Sigmoid Function (Activation Function) 

$$
\sigma(x) = \frac{1}{1 + e^{-x}}
$$

The derivative of the sigmoid function is:

$$
\sigma'(x) = \sigma(x) \cdot (1 - \sigma(x))
$$

- np.exp(x) -> it means ${e^x}$, where e is Euler's number (approximately equal to 2.71828).
- np.exp supports both scalar and array inputs.
- math.exp(x) -> it also means ${e^x}$, but only supports scalar values.

In [23]:
# inputs
x1 = 0.5
x2 = 0.3

In [25]:
# expected output
y_expected = 1

# learning rate
learning_rate = 0.1

## Forward Pass

In [26]:
# weights

w1 = 0.7010
w2 = 0.3009
w3 = 0.4011
w4 = 0.6005
w5 = 0.551
w6 = 0.4595

In [27]:
# Neurons and activation function step
def l1f1(x1,x2):
    l1f1_result = x1*w1 + x2*w3 # z1 step
    return sigmoid(l1f1_result) # h1 step, activation func applied

def l1f2(x1,x2):
    l1f2_result = x1*w2 + x2*w4 #z2 step
    return sigmoid(l1f2_result) # h2 step, activation func applied

In [28]:
# Output layer
def of1(h1,h2):
    of1_result = h1*w5 + h2*w6 # z3 step
    return sigmoid(of1_result) # h3 step, activation

In [29]:
h1 = l1f1(x1,x2)
h2 = l1f2(x1,x2)

print("h1: ", round(h1,3))
print("h2: ", round(h2, 3))

h1:  0.616
h2:  0.582


In [30]:
output1 = of1(h1, h2)
print("output1: ", round(output1, 3))

output1:  0.647


### Lost / Cost / Error Function

In [31]:
# Means Squared Error
def mse(y_expected, y_predicted):
    return (y_expected - y_predicted) ** 2 # y is th e expected output, y_hat is the predicted output

# MSE Derivative
def mse_derivative(y_expected, y_predicted):
    return -2 * (y_expected - y_predicted)

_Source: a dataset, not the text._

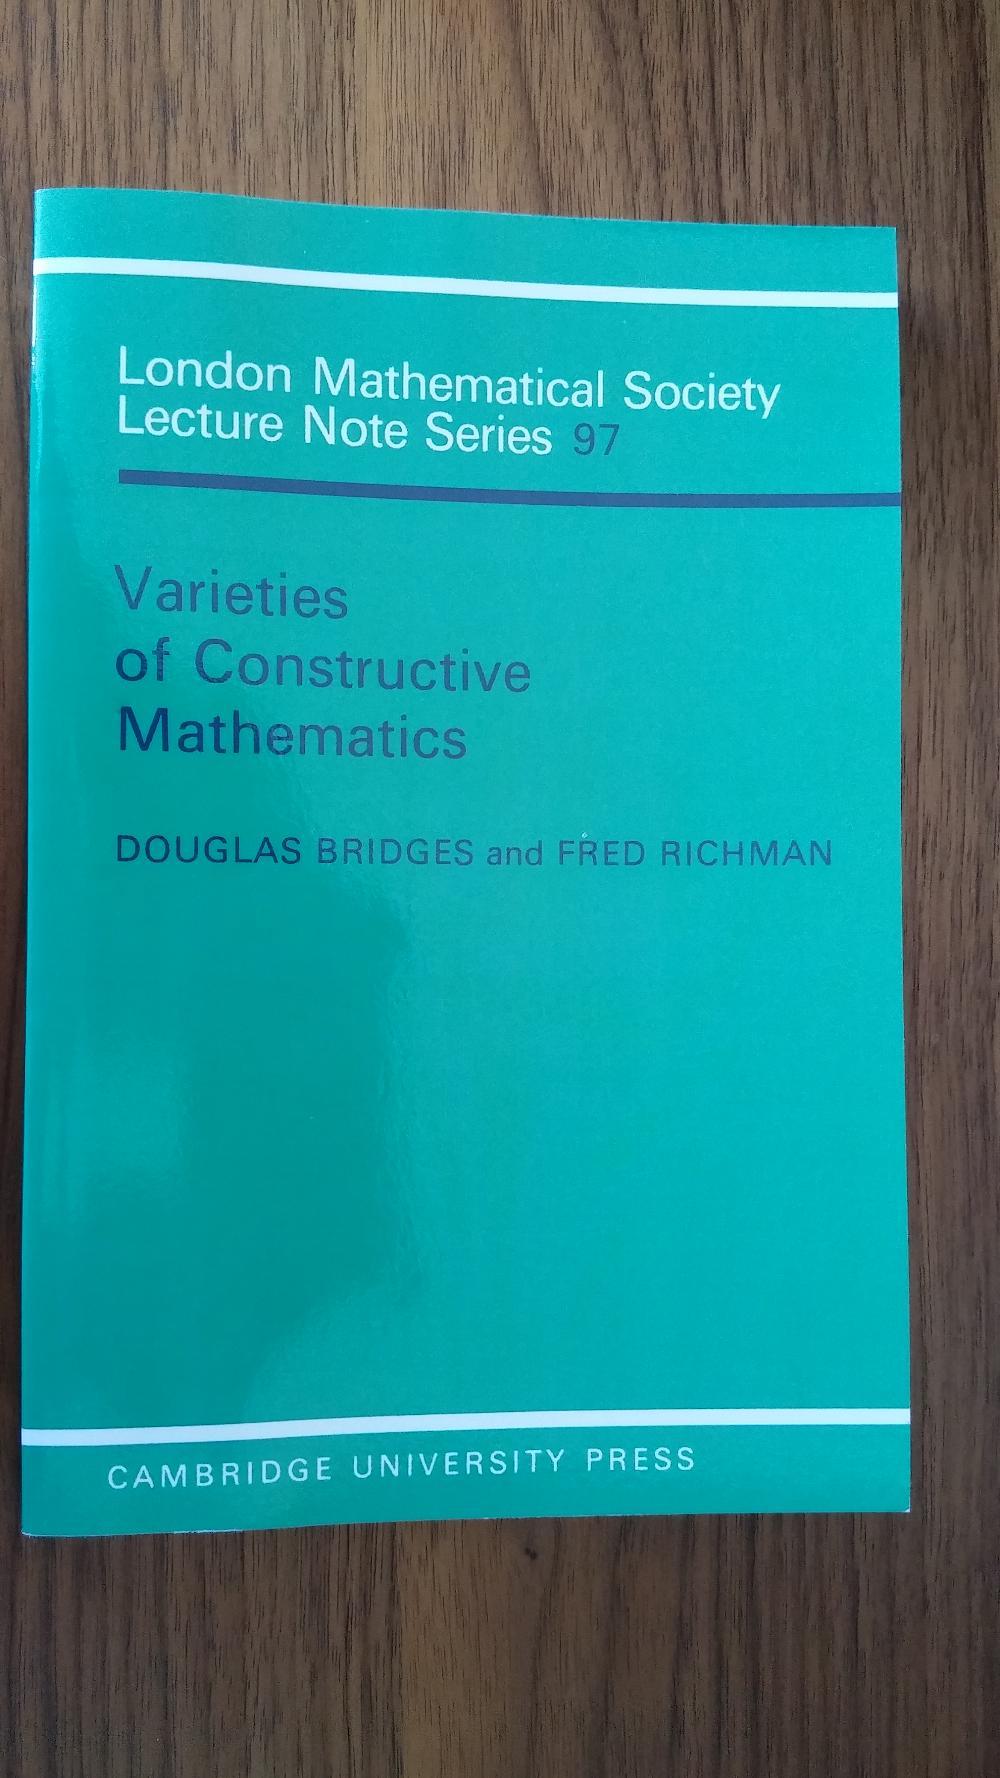 Douglas S  Bridges - My Mathematics
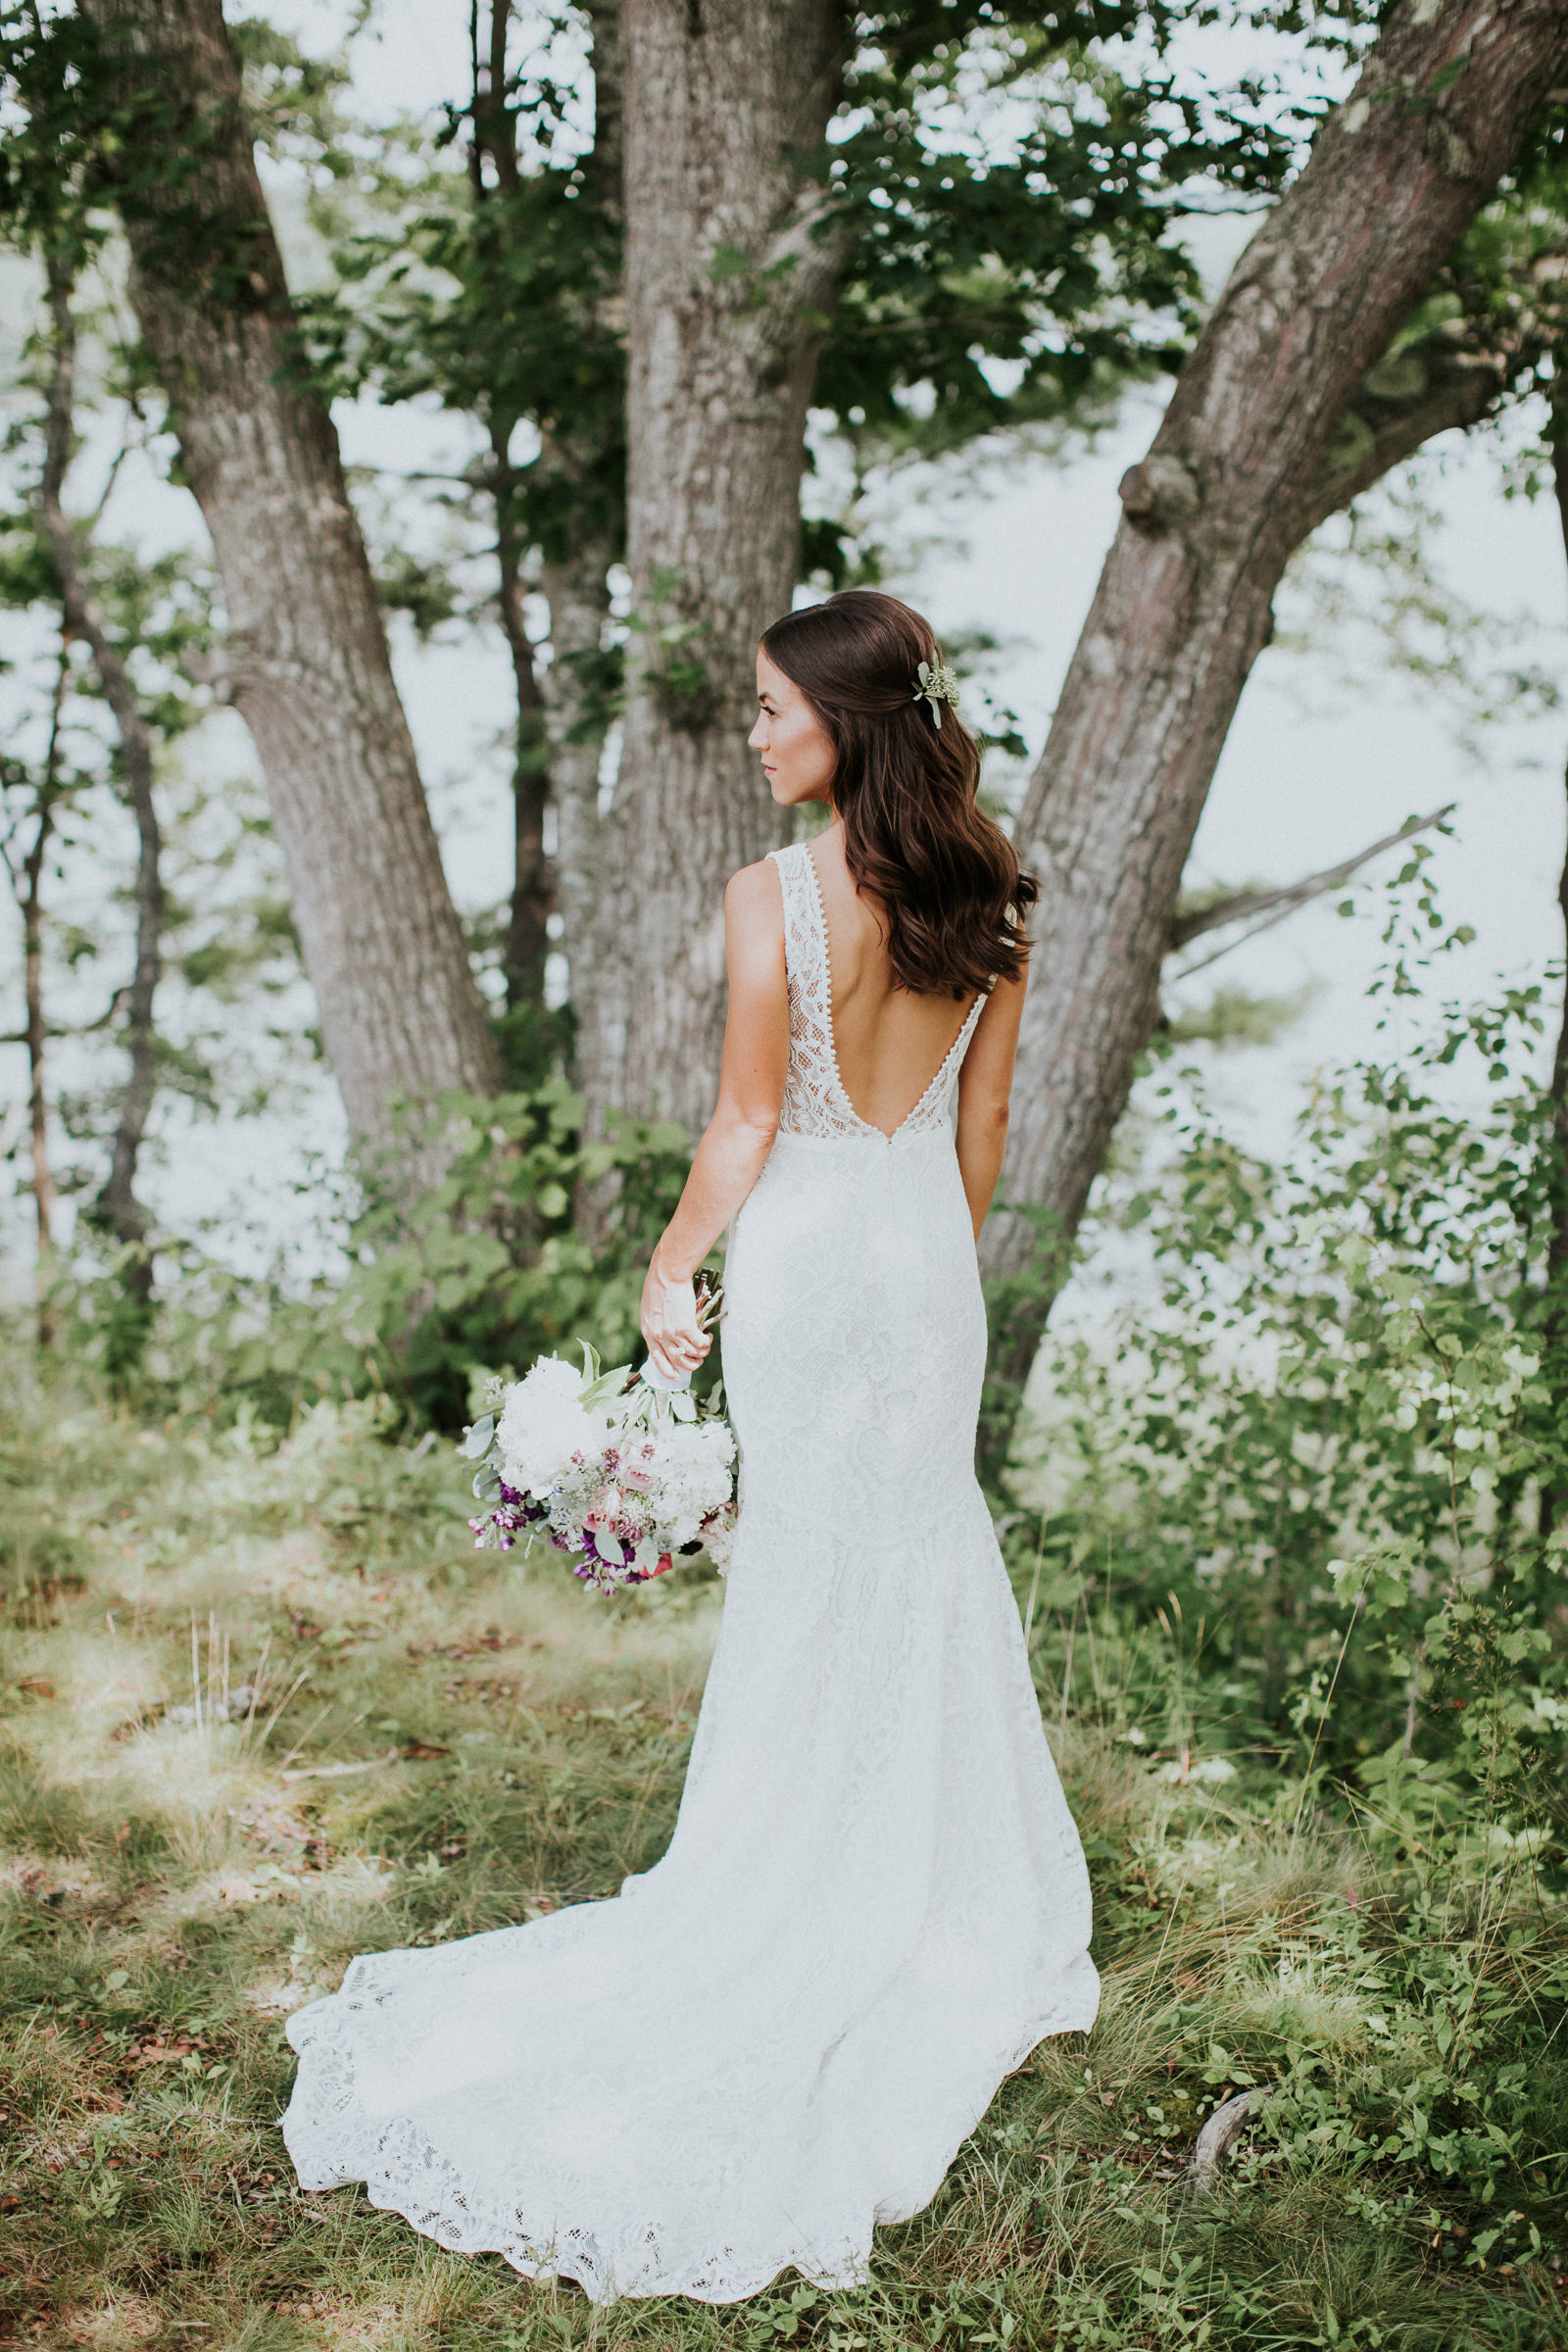 Marianmade-Farm-Wiscasset-Maine-Fine-Art-Documentary-Wedding-Photographer-Elvira-Kalviste-Photography-50.jpg

#### Mean Squared Error (MSE)

The Mean Squared Error (MSE) is a commonly used loss function in machine learning. 
The formula for MSE is:


$$
\text{MSE} = \frac{1}{N} \sum_{i=1}^N (y_{\text{expected}, i} - y_{\text{predicted}, i})^2
$$

Where:
- \( N \) is the total number of samples.


The Mean Squared Error (MSE) is defined as:

The derivative of MSE with respect to y_predicted is:

$$
\frac{\partial \text{MSE}}{\partial y_{\text{predicted}}} = -\frac{2}{N} (y_{\text{expected}} - y_{\text{predicted}})
$$


For simplicity, if we omit the $\frac{1}{N}$ term (e.g., for a single training example or simplicity in implementation), the derivative becomes:

$$
\frac{\partial \text{MSE}}{\partial y_{\text{predicted}}} = -2 (y_{\text{expected}} - y_{\text{predicted}})
$$


##### In our case: Simplification in backpropagation
- In backpropagation, the key goal is to compute the gradient of the loss with respect to the weights.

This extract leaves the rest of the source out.